食料品店やスーパーなど、お店では、入店するときに入口に置いてある使い捨ての手袋をしなくてはいけません。
今日、中央市場に行ったら、入口で使い捨て手袋を入場者に配布する係の人が立っていました。(先週は、市場では手袋の配布はおこなわれていませんでした。)
薬局に行ったら、レジのあるカウンターに、プレキシガラスの仕切りが設置されていました。
薬局は、当然薬を買いに行く場所ですので、その中には体調が悪い人もいるかもしれません。毎日大勢のお客さんに対応する薬剤師の人たちの感染予防は必要ですよね。
そこで思い出したのが、感染症ペストの時の窓口です。
サン・マルティーノ広場にあるサン・マルティーノ教会の中には、ペストの時に使っていた感染防止の窓が残っています。
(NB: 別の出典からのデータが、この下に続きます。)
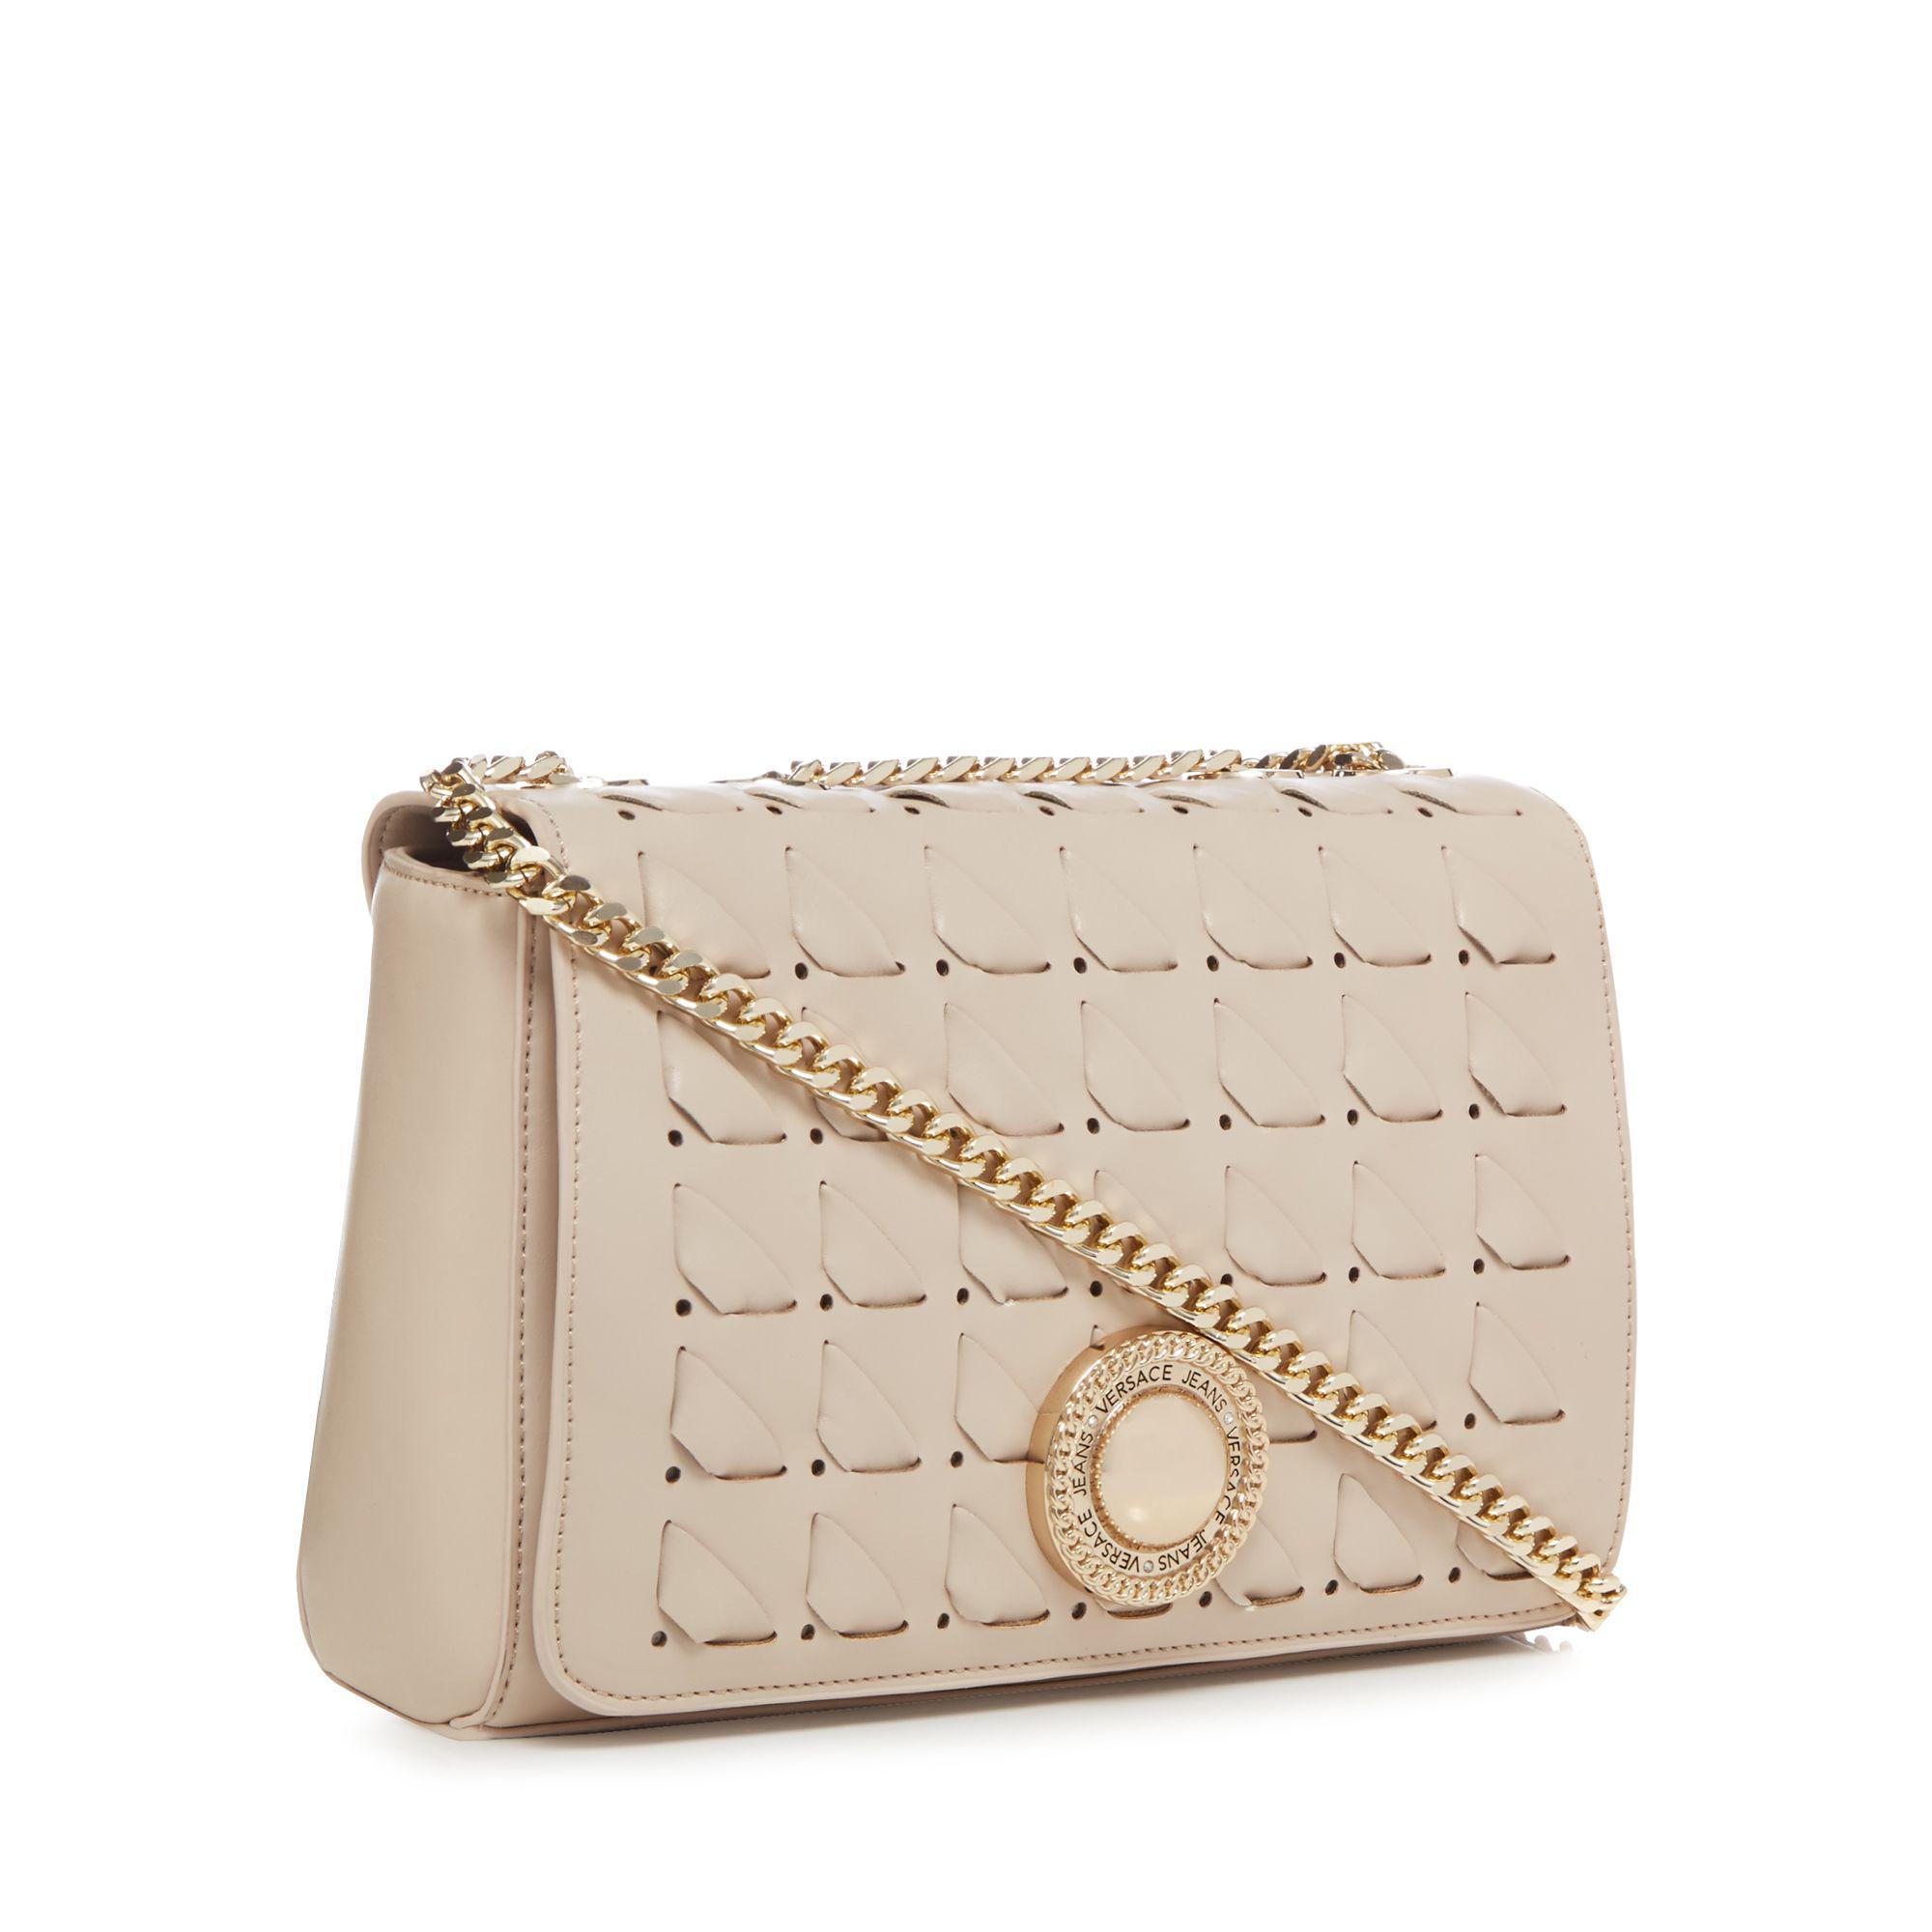 Versace Jeans Couture Denim Cream Interlace Cross Body Bag in Natural

残っているといっても、現在は埋め固められているので、壁と同化していますが、「パン配布用の窓。ペストの年1522年」と書かれていて、そこでパンの受け渡しがおこなわれていたことがわかるようになっています。
「窓」といっても、かなり大きいです。(窓の隣に長椅子があるので、それと見比べていただくと大きいことがわかります)
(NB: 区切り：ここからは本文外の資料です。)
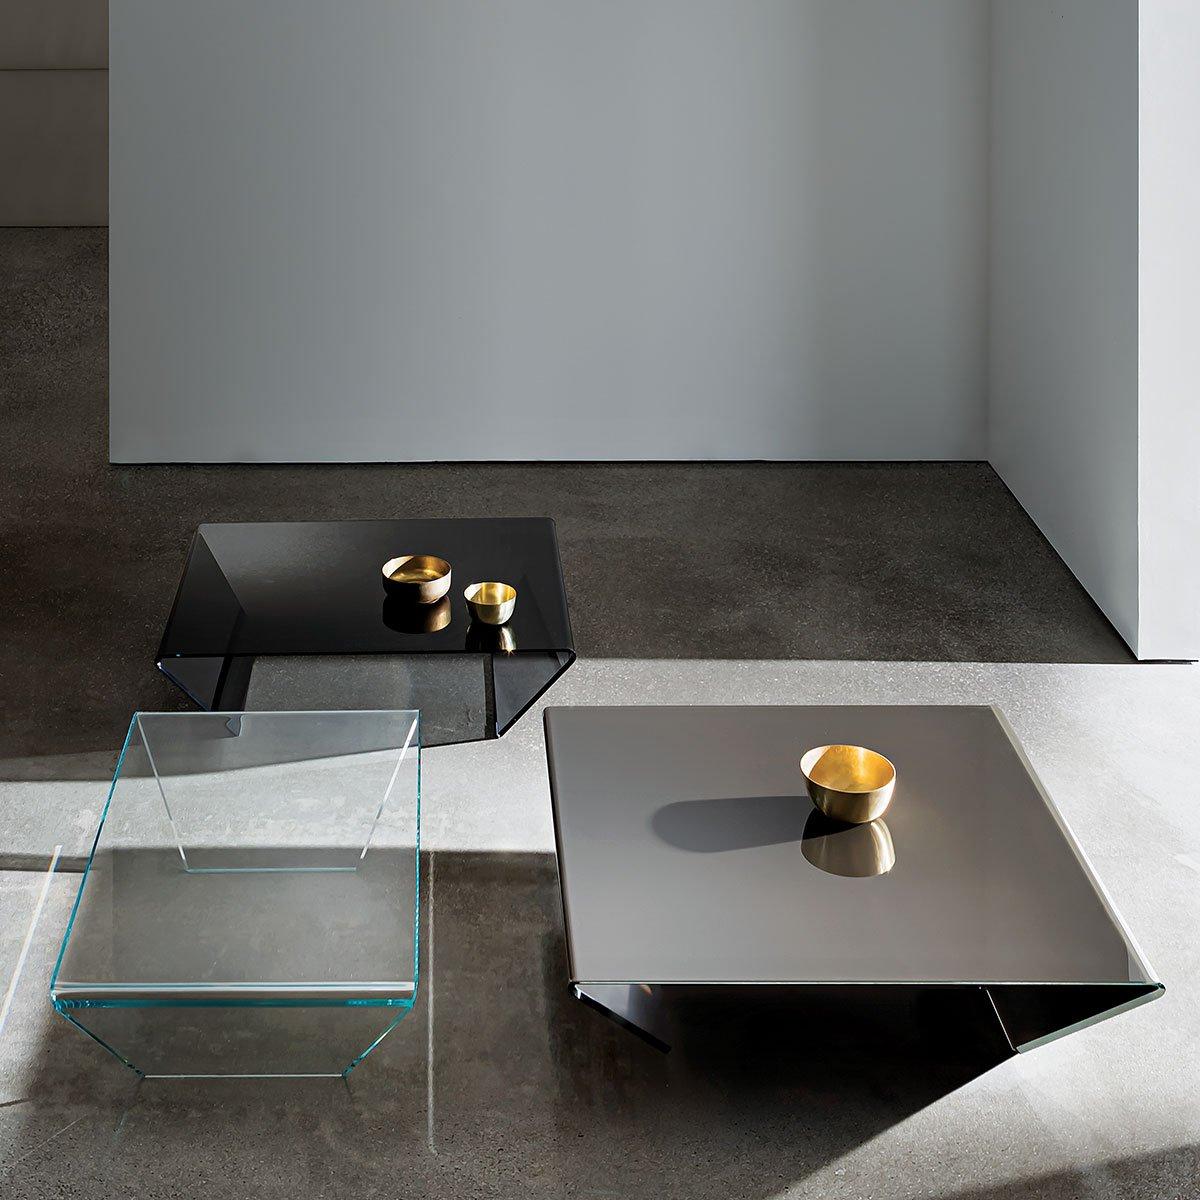 rubino curved glass coffee table

でも、普通の窓ではなく、ラッパ状の穴で、向こう側の口は小さくなっている窓口です。
埋められているため、外側から見ても穴はありませんので、向こう側の穴がどのくらいの大きさだったかはわかりません。
この教会は、貧しい人たちを助けるための組織がある教会で、中世にはパンなどを、そして現在は現金を貧しい人に分け与えている教会です。
ペストが流行した時は、感染予防のため、パンを受け取りに来る貧しい人たちが教会の中に入らなくても、パンを受け取ることができるように、この窓口が使われていました。
以前は、目にも留めなかったような窓が、急にリアルに見えてきます。